中学受験を好機として学習習慣や基礎学力を養い、中高の成長や将来に繋げる。部活を一生懸命やっても、そのスポーツで飯が食えるのは極僅かですが、心身を鍛えることが無駄にならないのと同じです。

努力した結果、1年前には出来なかった問題が解けるようになる。ベストを尽くして学力を積み上げていった結果、合格できる学校に通うのが、最適な進学先でしょう。高い目標まで積み上げていく基礎を築くのに適しているのは加点で伸ばす方法です。目標から逆算した結果、実力不相応に焦って減点意識に囚われるのはマイナスです。

まずは育てること

例えば、今泳げない子が10日後までに1,000m泳げるようにならなければいけない。初日はその1割、100mまで泳げないといけない。怒鳴ってでも殴ってでも泳がせる。これは色々な意味でまずいやり口です。溺れたことによる恐怖心や、怒られることへの嫌悪感を持てば、むしろマイナスに働く恐れもあります。

まず初日は水に浮く、顔をつける、5m進む。ほんの数メートル先で待ち、ここまでおいで。次は少し離れて、ここまでおいで。大袈裟なくらいすごい!すごい!その後は少し後ずさりしながら声をかけ続け、もう少し!もう少し!10mや15m進んでしまうわけです。ふりかえり、スタート地点を見る。こんなに来れたね!すごいね!

翌日には息継ぎ。顔を出す瞬間に吹き出すイメージ。泳ぎの形を綺麗にしていく。距離も伸ばして25m。50m。最低限の泳ぎのスキルが付いてから根性です。100m、500m、1,000m。そのたびに、すごいね、順調だね。根性あるな、気持ちが強いね。子供騙しだと思う方もいるかもしれませんが、実は大人も同じ方法で泳げるようになります。

自分の位置から、あと一歩のところまで。そこに行くまで励まされたり、着いたら褒められたりがある。頑張れる。方法がわかっているものは、これで伸びます。多くの相手にこんなエネルギーを注ぐことは難しいけど、子供一人なら可能です。
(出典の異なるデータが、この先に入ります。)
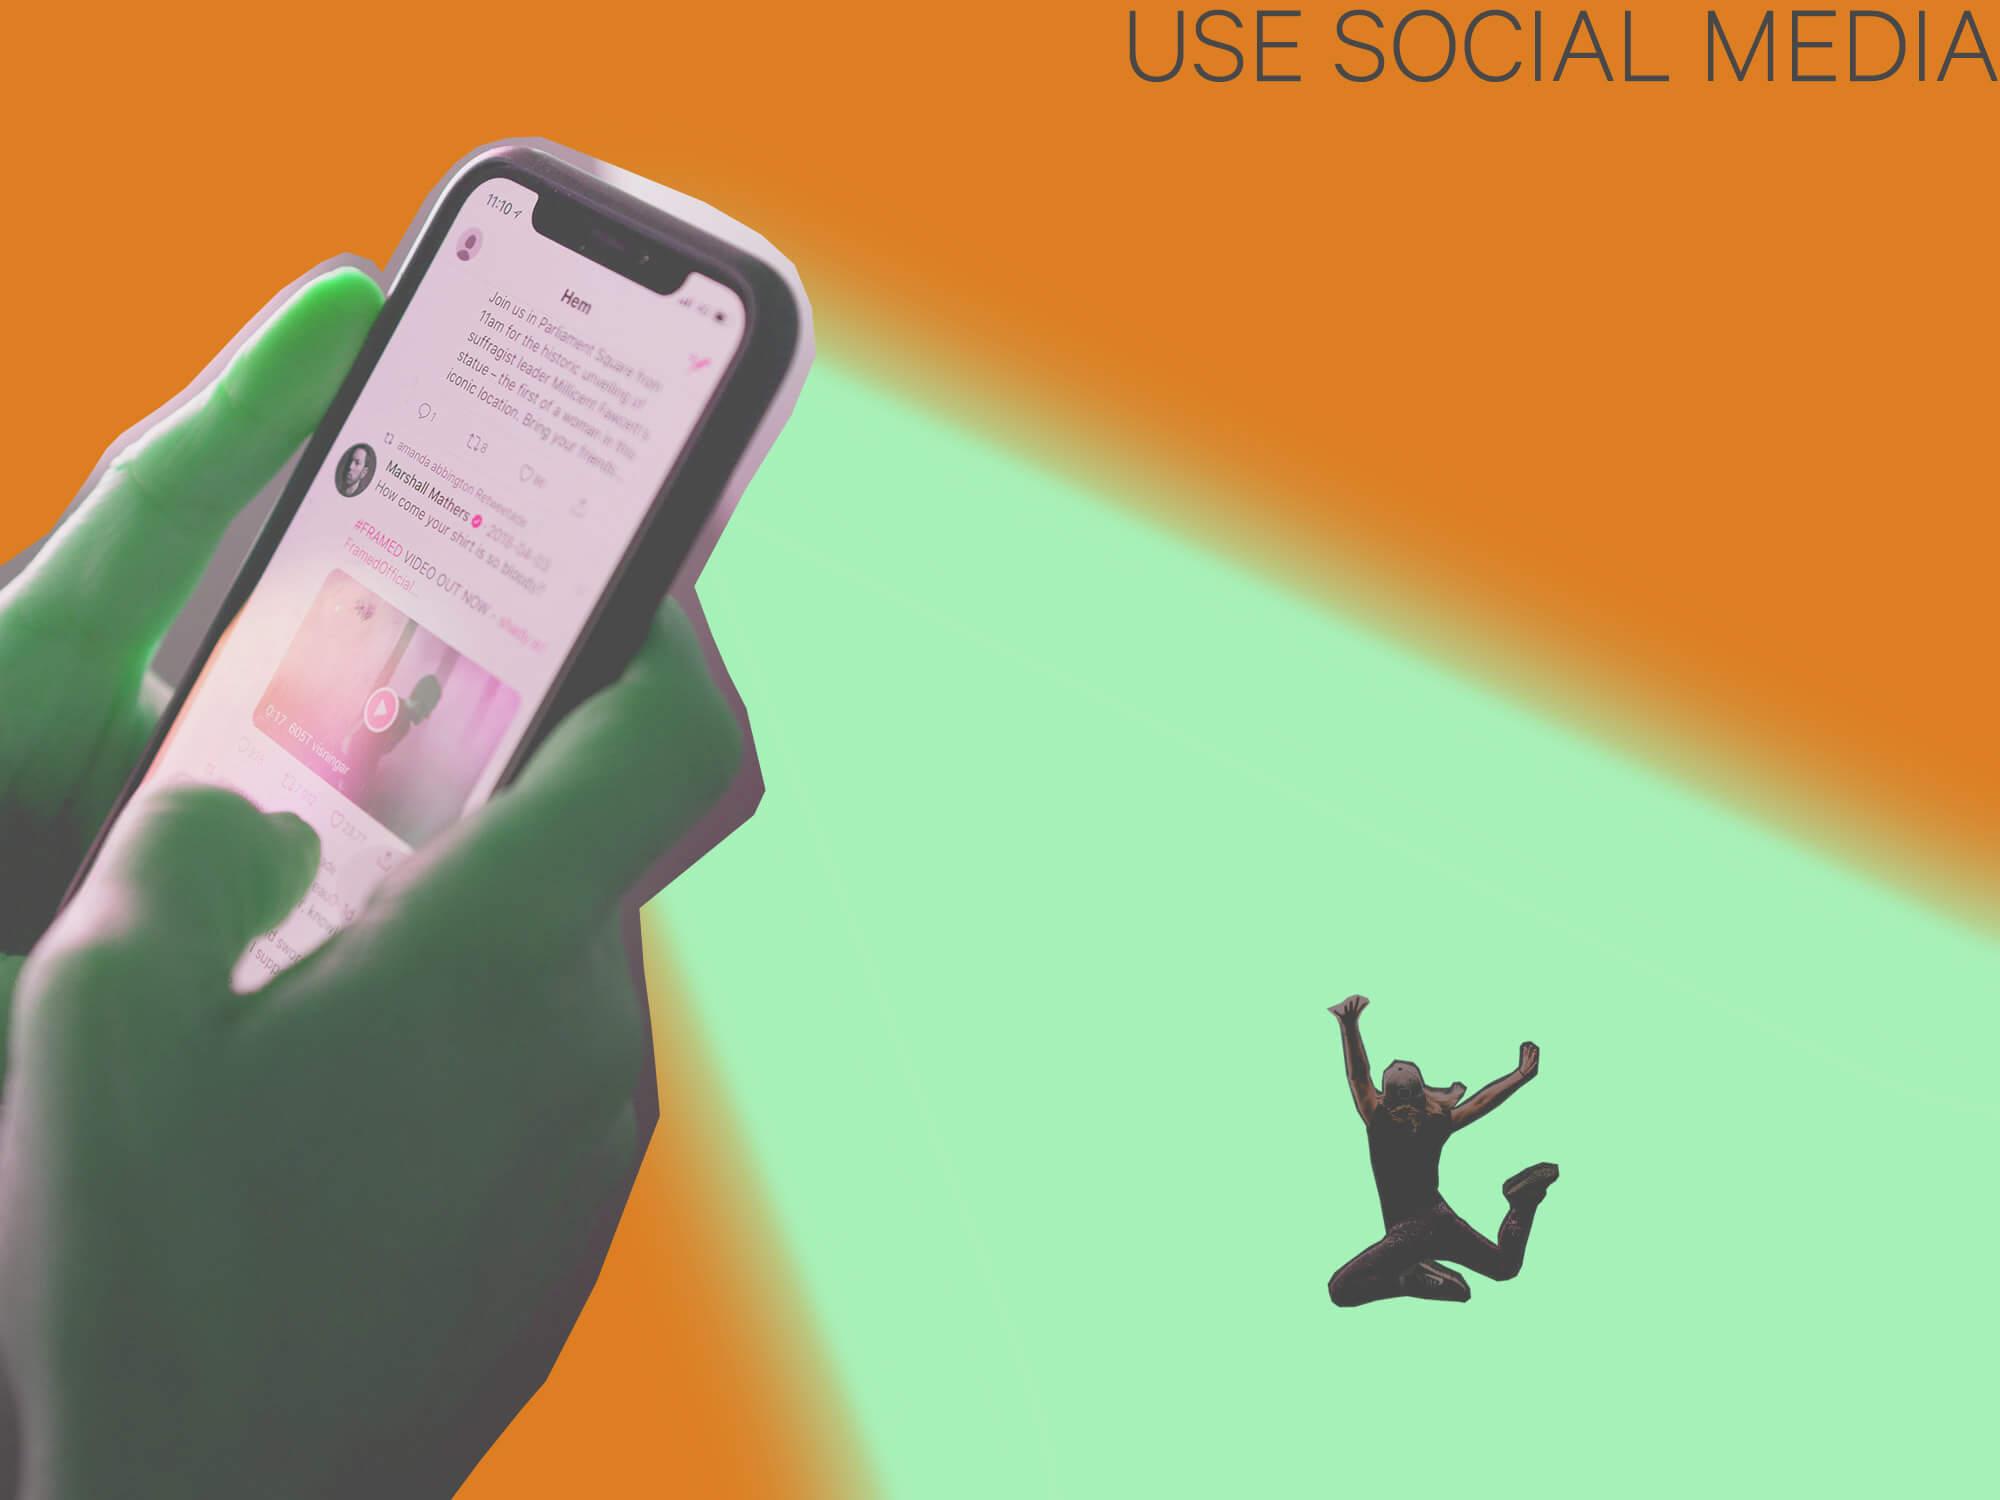 Get More Freelance Clients Using Social Media - Use Social Media

厳しいトレーニングで鍛える効果があるのは、十分に泳げる技術と基礎体力をつけてから。

加点していくイメージが大切

テキストの範囲、100点満点のテスト、偏差値、順位、合格判定、、、こういった数字が並んでいるため、減点の意識が強くなりがちですが、学力を伸ばすには加点に限ります。目標を見る以前に、子供を見ること。まずは子供に地力が育たないと、伸びようがありません。
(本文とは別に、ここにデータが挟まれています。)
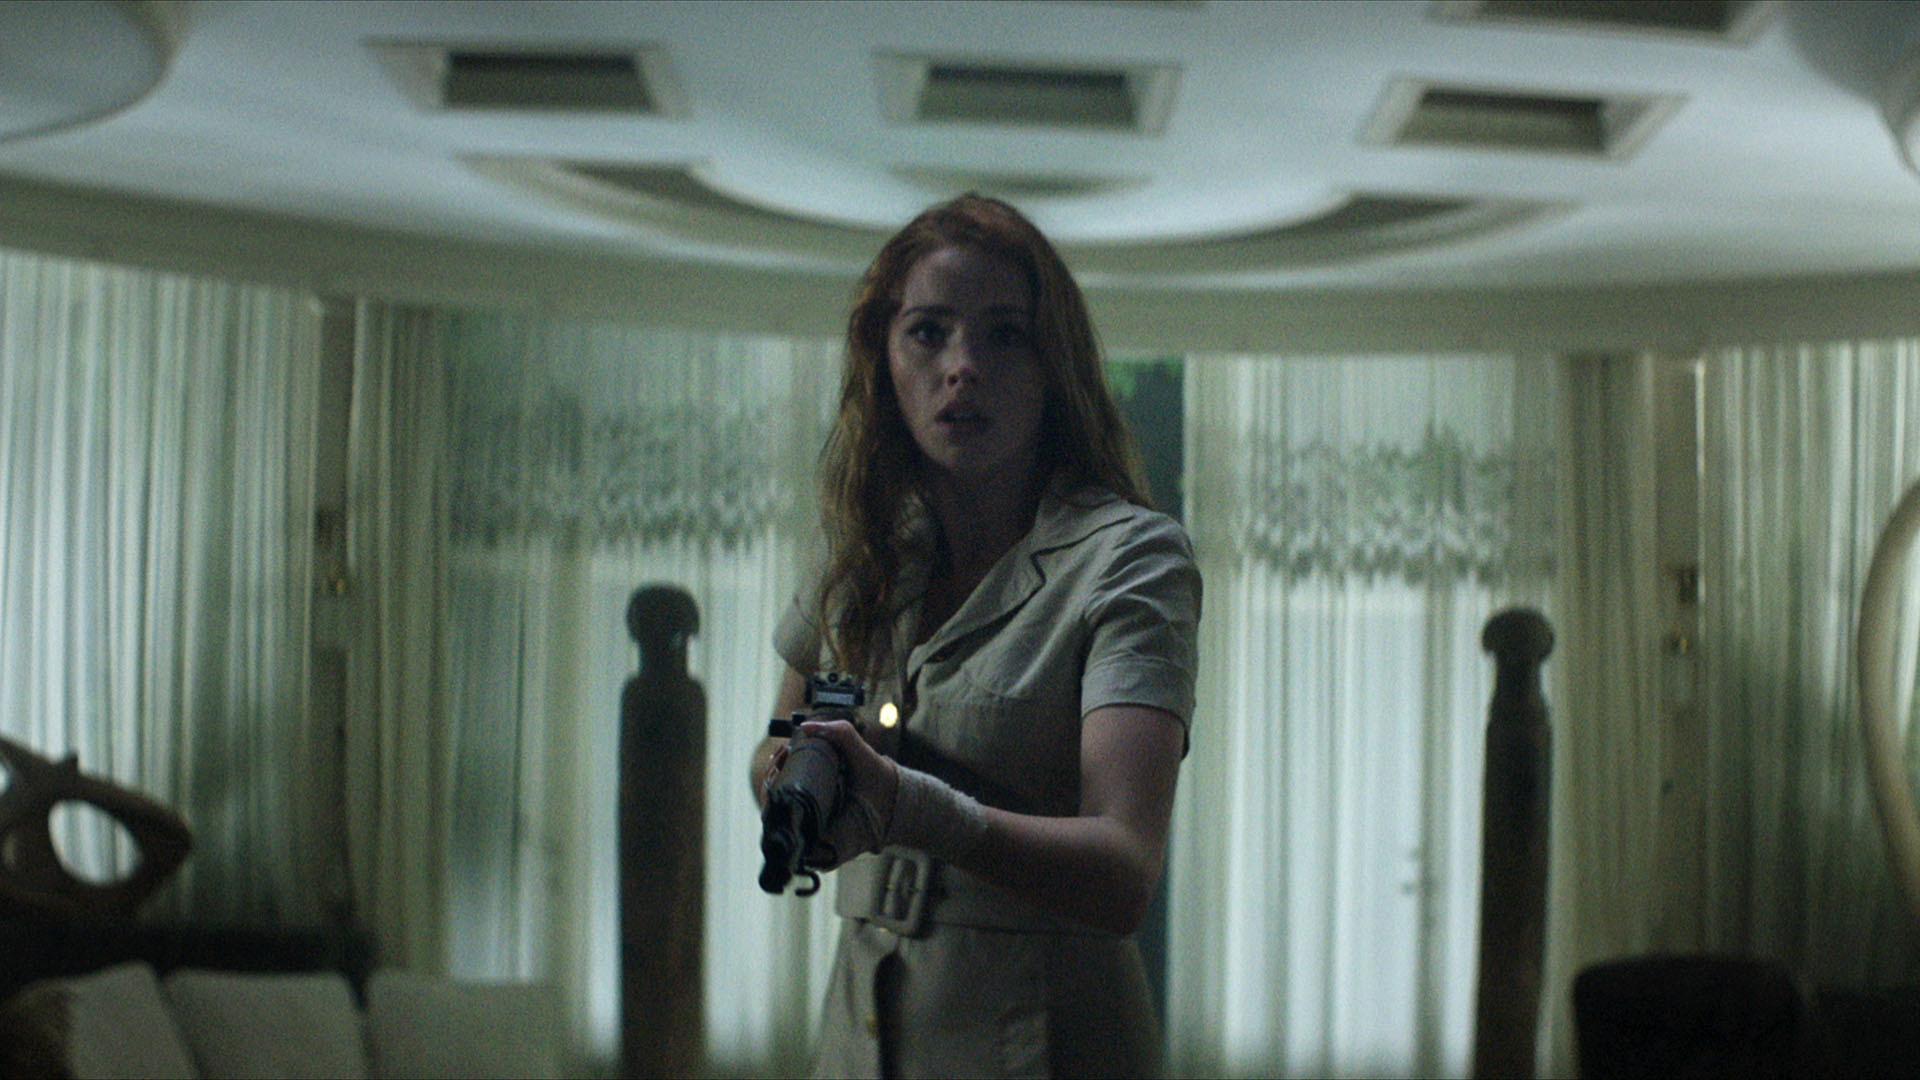 (C)2015 Waiting For Cinéma - Aliceléo - Waiting For K - Versus production - Wild Bunch - France 2 Cinéma -  BNP Paribas Fortis Film Finance – RTBF

次はこれを出来るようになろう。次はこれ。出来ることを着実に積み上げていった先に、合格も見えてきます。着々と伸ばした結果が目標(願望)に届かないなら、始めた時期か才能の問題ですから、子供を責めても仕方ありません。まずは適切な段階を踏んでいくことが大事。出来ることを増やしましょう。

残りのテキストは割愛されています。